Introduction

Visual assessment of computed tomography (CT) images of the lung is an important tool in the routine clinical workup of patients with pulmonary disease [1, 2]. However, visual evaluation is subjective, and the conclusion is dependent upon the observer [3, 4]. For longitudinal studies of lung diseases such as emphysema, an accurate and reliable visual assessment is necessary if disease progression is to be detected [5]. Chronic obstructive pulmonary disease (COPD) remains a major public health problem, and early intervention is of great importance [6]. Reliability of visual assessment depends upon good intra- and interobserver agreement in assessing the presence and severity of disease. Interobserver agreement in visual assessment of CT of the lung has previously been shown to vary; emphysema [2, 7] being easier to agree upon than interstitial abnormalities such as ground-glass attenuation [8], honeycombing [9], or reticulation [10]. Previous conclusions on interobserver variation in visual assessment of airway disease are highly inconsistent; some show reasonable levels of agreement and others show considerable interobserver variability [11, 12]. As such, interobserver variation has been a subject of interest and investigation for several decades. However, studies on visual assessment of progression of disease are lacking. For instance, the ability of the trained human eye to detect a change in the severity of emphysema over time is unknown.

While the main objective of lung cancer screening programmes is the early detection of malignant lung nodules, the huge amount of data provided by CT gives a unique opportunity to detect other subclinical lung pathologies, including emphysema, large airway diseases, and interstitial abnormalities. In this regard, the Danish Lung Cancer Screening Trial (DLCST) provides an opportunity to investigate early CT signs of lung disease and to study interobserver agreement in the detection and grading of these abnormalities. In addition, the participants in the screening arm of the study were followed up with five annual CT examinations. This is a reasonable time span, during which significant change in lung function [13] and lung density [14] has been detected in this population. It was plausible, therefore, to test whether the progression of emphysema, airway diseases, and interstitial abnormalities can be detected visually within this time frame.

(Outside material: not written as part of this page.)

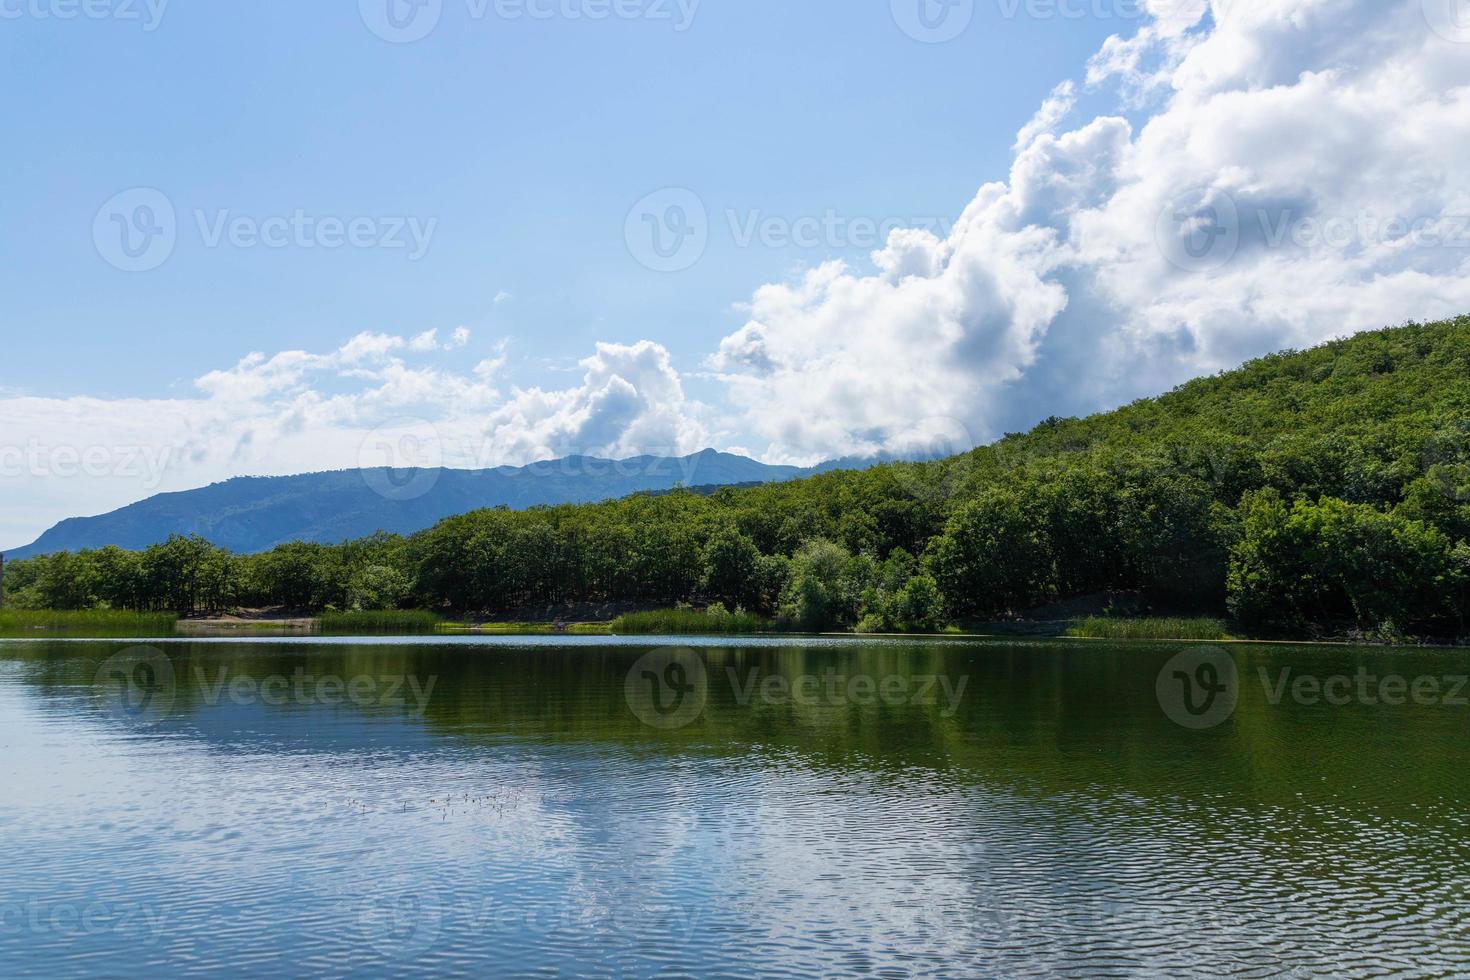 bergen omringen het bergmeer. het oppervlak van het meer reflecteert zonlicht. landschap foto

The purpose of this paper is to evaluate interobserver agreement in the visual assessment of emphysema, airway abnormalities, and interstitial abnormalities, and to explore whether progression of disease can be detected by subjective visual evaluation of CT images.

Materials and methods

Study population

DLCST is a five-year prospective randomised controlled trial (enrolment Oct. 2004 to Mar. 2006) comprising 4,104 participants randomised to either screening (with annual low-dose CT, n = 2,052) or no screening (control group, n = 2,052) [15]. Inclusion criteria comprise smoking history of at least 20 pack-years, age 50–70 years, and FEV1 of at least 30 % of predicted; the latter to ensure surgical feasibility in the event of a positive screen. Participants were recruited by newspaper advertisements, and were relatively healthy at time of inclusion.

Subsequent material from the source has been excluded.